Imported libraries, download and visualize data
Download the data to Jupyter notebook instance and upload it to the Amazon Simple Storage Service (Amazon S3) bucket.To train data, use the address, the day of the violation, and the number of violations.The following code and output indicate how to download the dataset and display a few lines and four rows.
url = 'https://data.cityofchicago.org/api/views/hhkd-xvj4/rows.csv?accessType=DOWNLOAD'# シカゴ市のサイトからデータを取得r = requests.get(url, allow_redirects=True)open(datafile, 'wb').write(r.content)# 入力ファイルを読み取り、サンプルの行/列を表示するpd.set_option('display.max_columns', 500)pd.set_option('display.max_rows', 50) df = pd.read_csv(open(datafile, 'rb'), encoding='utf-8')df[df.columns[0:3]]

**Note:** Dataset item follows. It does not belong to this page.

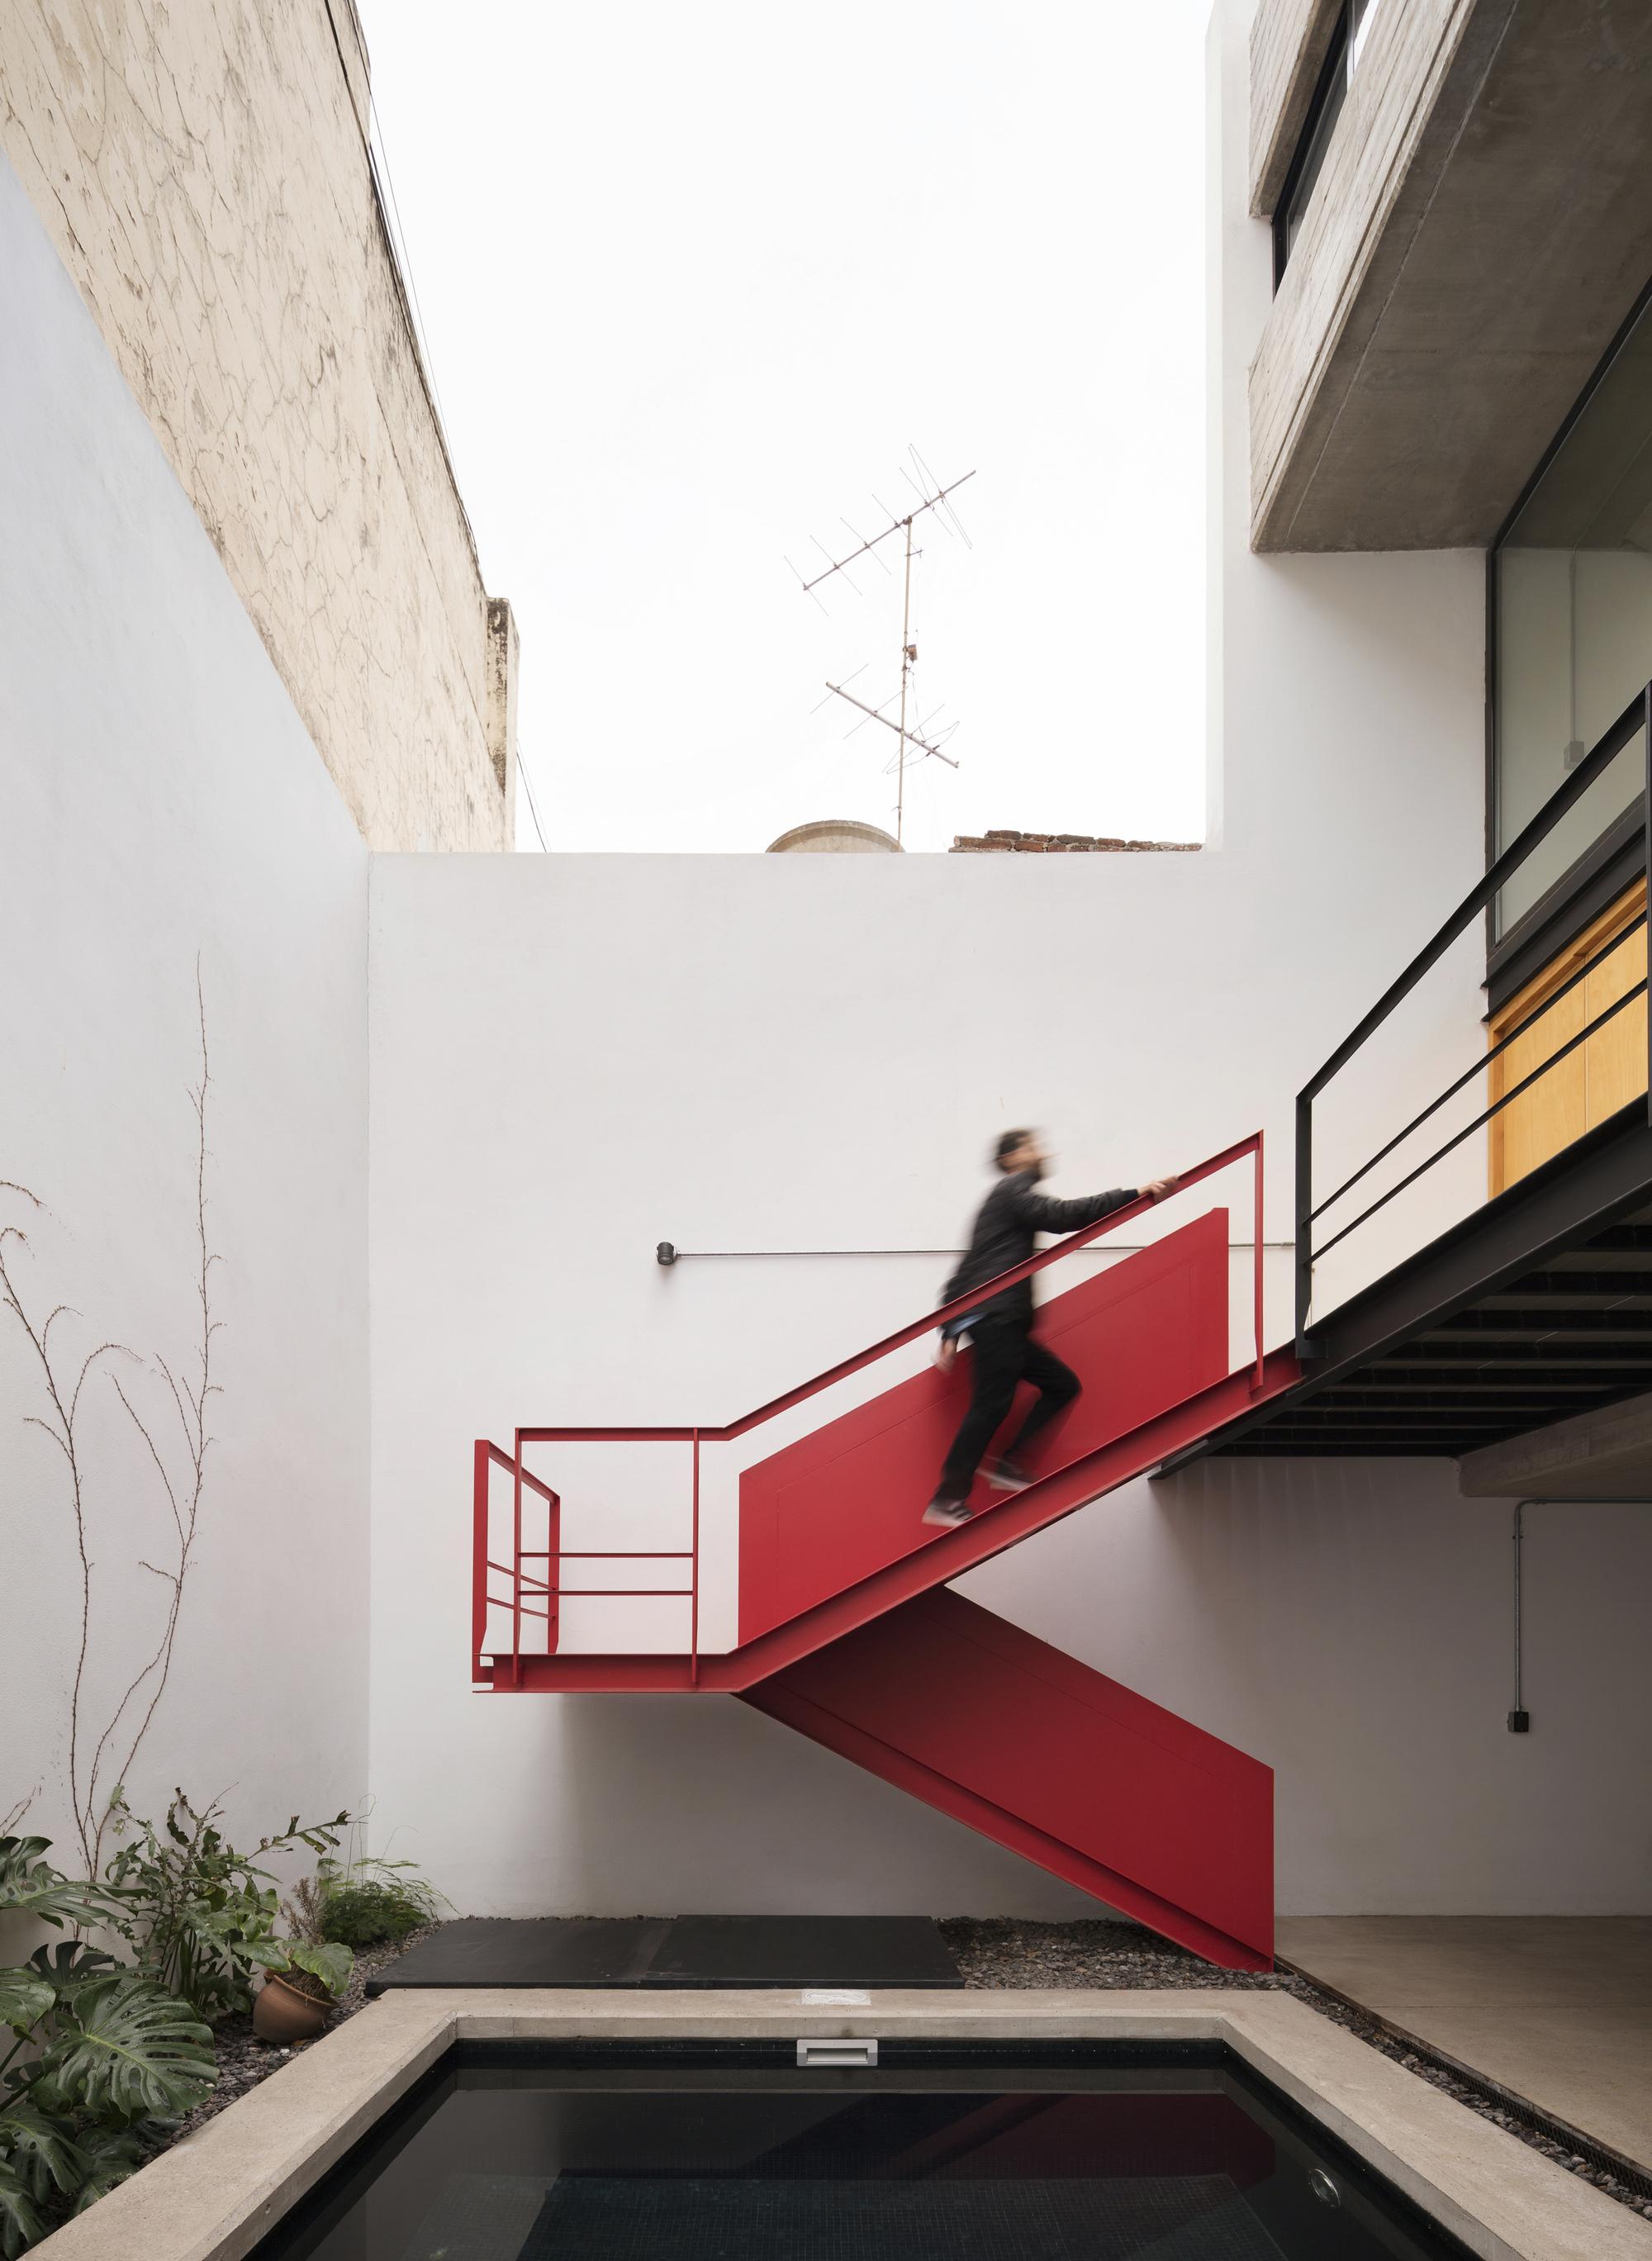 Galeria de Residência FL / Berzero Jaros - 5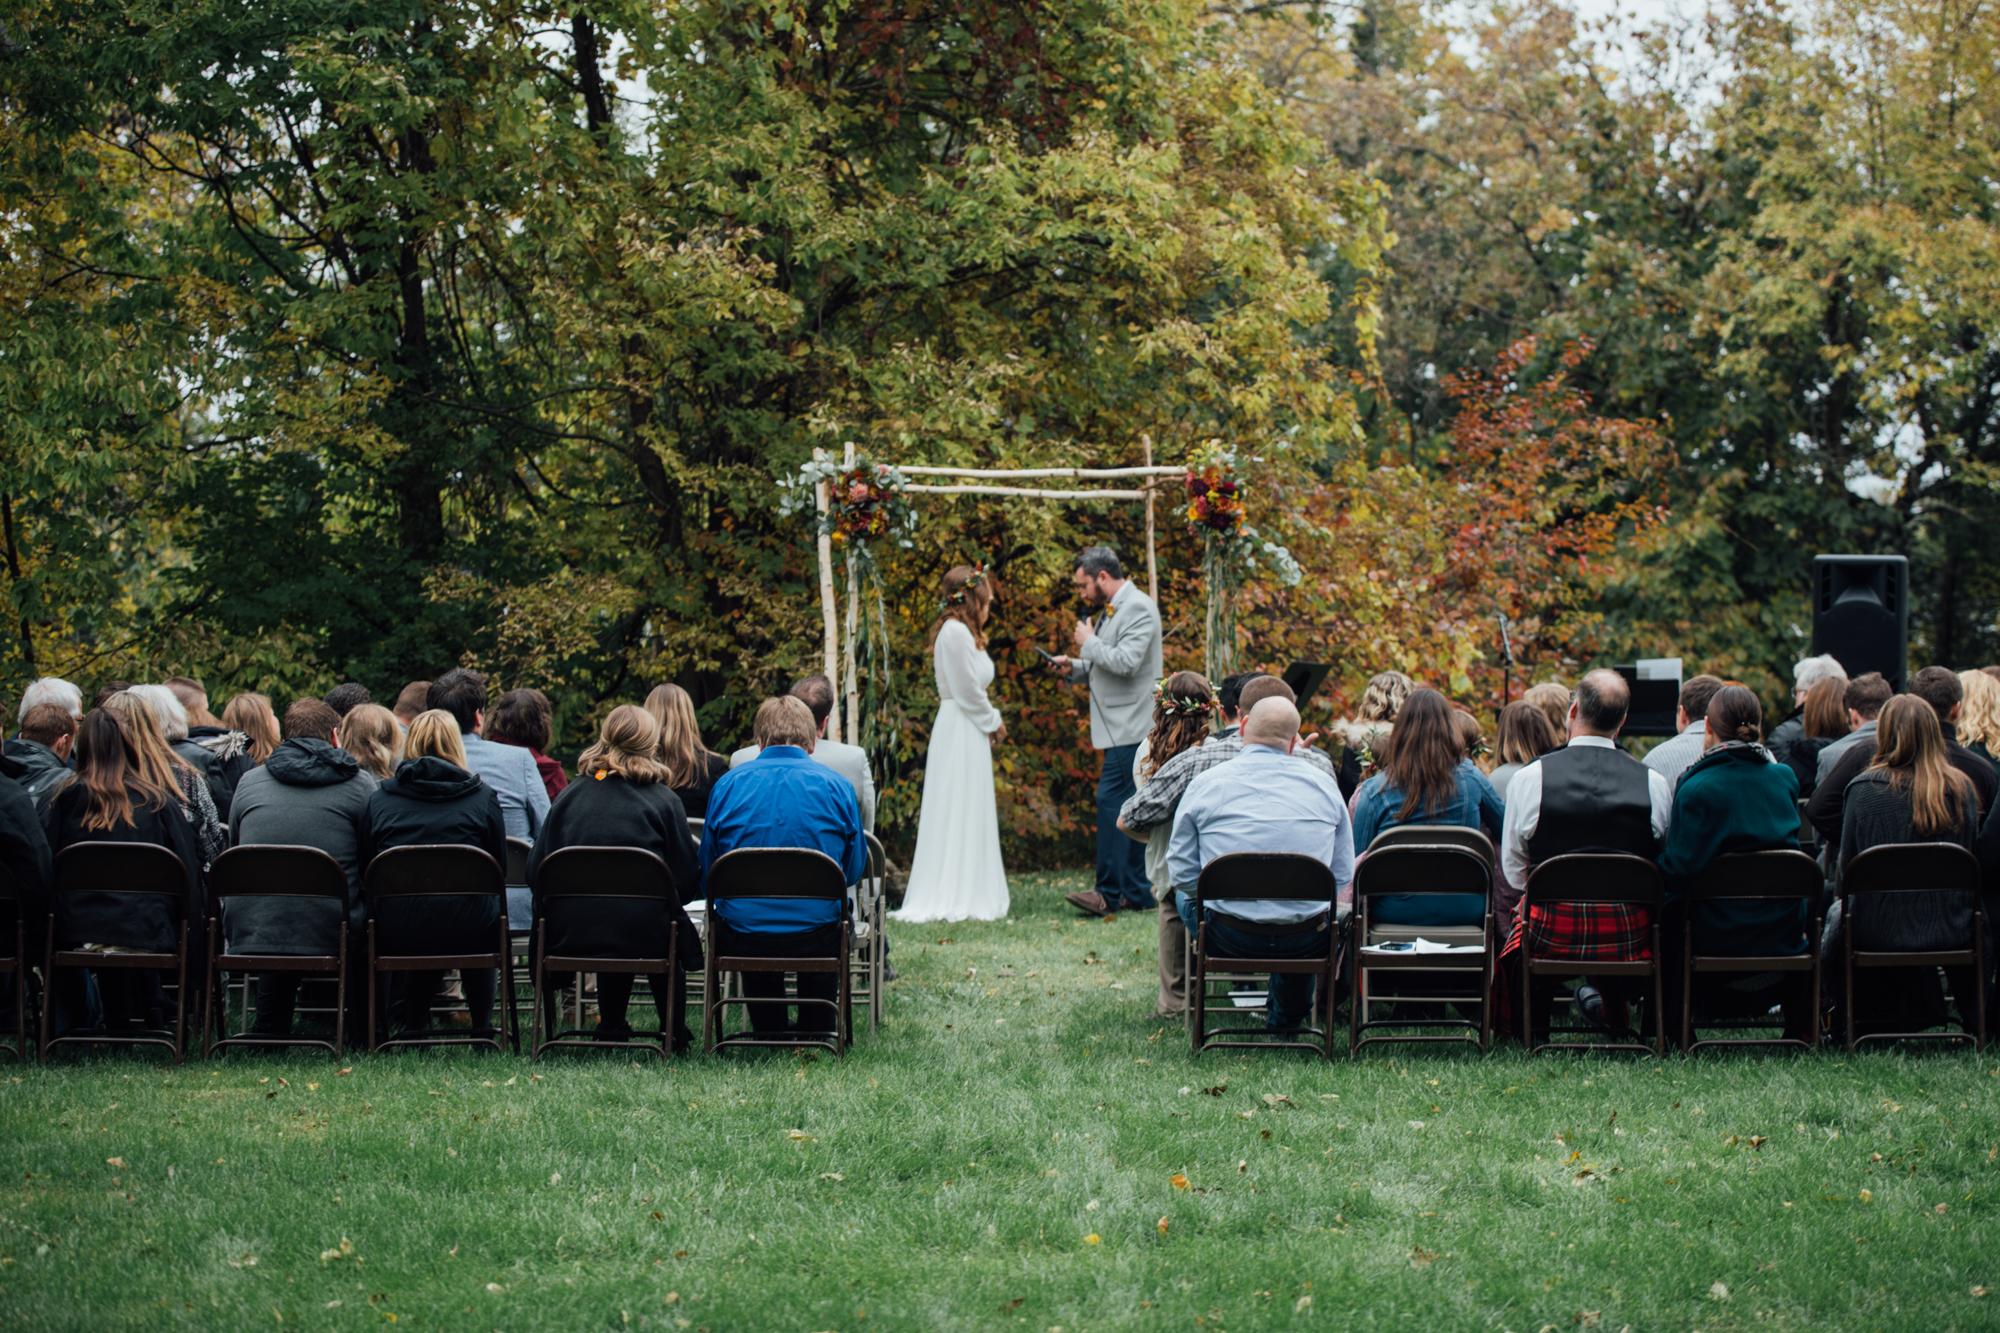 minneapolis-wedding-photographer-1-10.jpg

Visualization of data using Matplotlib
In this procedure, the day of the violation is converted from a string format to the date of the data frame, the lack of violation values are added to the camera, and the Matplotlib is used to visualize violations of various roads as a chronological order.I will make it.This helps to visualize each camera and road data as chronological order.See the following code:
df['VIOLATION_DT'] = pd.to_datetime(df['VIOLATION DATE'])df[['ADDRESS', 'VIOLATION_DT', 'VIOLATIONS']]unique_addresses = df.ADDRESS.unique()idx = pd.date_range(df.VIOLATION_DT.min(), df.VIOLATION_DT.max())number_of_addresses = len(unique_addresses)print('Unique Addresses {}'.format(number_of_addresses))print('Minimum violation date is {}, maximum violation date is {}'.format(df.VIOLATION_DT.min(),df.VIOLATION_DT.max()))violation_list = []for key in unique_addresses: temp_df = df[['VIOLATION_DT', 'VIOLATIONS']][df.ADDRESS == key] temp_df.set_index(['VIOLATION_DT'], inplace=True) temp_df.index = pd.DatetimeIndex(temp_df.index) temp_df = temp_df.reindex(idx, fill_value=0) violation_list.append(temp_df['VIOLATIONS'])plt.figure(figsize=(12,6), dpi=100, facecolor='w')for key, address in enumerate(unique_addresses): plt.plot(violation_list[key], label=address)plt.ylabel('Violations')plt.xlabel('Date')plt.title('Chicago Speed Camera Violations')plt.legend(loc='upper center', bbox_to_anchor=(0.5, -0.05), shadow=False, ncol=4)plt.show()
The following graph shows all data available in the dataset as a time -series, including the number of speed violations of the Y -axis plotted to the X -axis date.
Data set split for training and evaluation
Now you can divide the data into a training set and a test set.Create a test dataset from the last 30 days to evaluate the prediction of the model.The training job does not display test data for the last 30 days.Convert the dataset from a panda series to a JSON series object, use the test dataset to check the quality of the predictive function of the trained model.The following code indicates the creation of data split, training and test datasets.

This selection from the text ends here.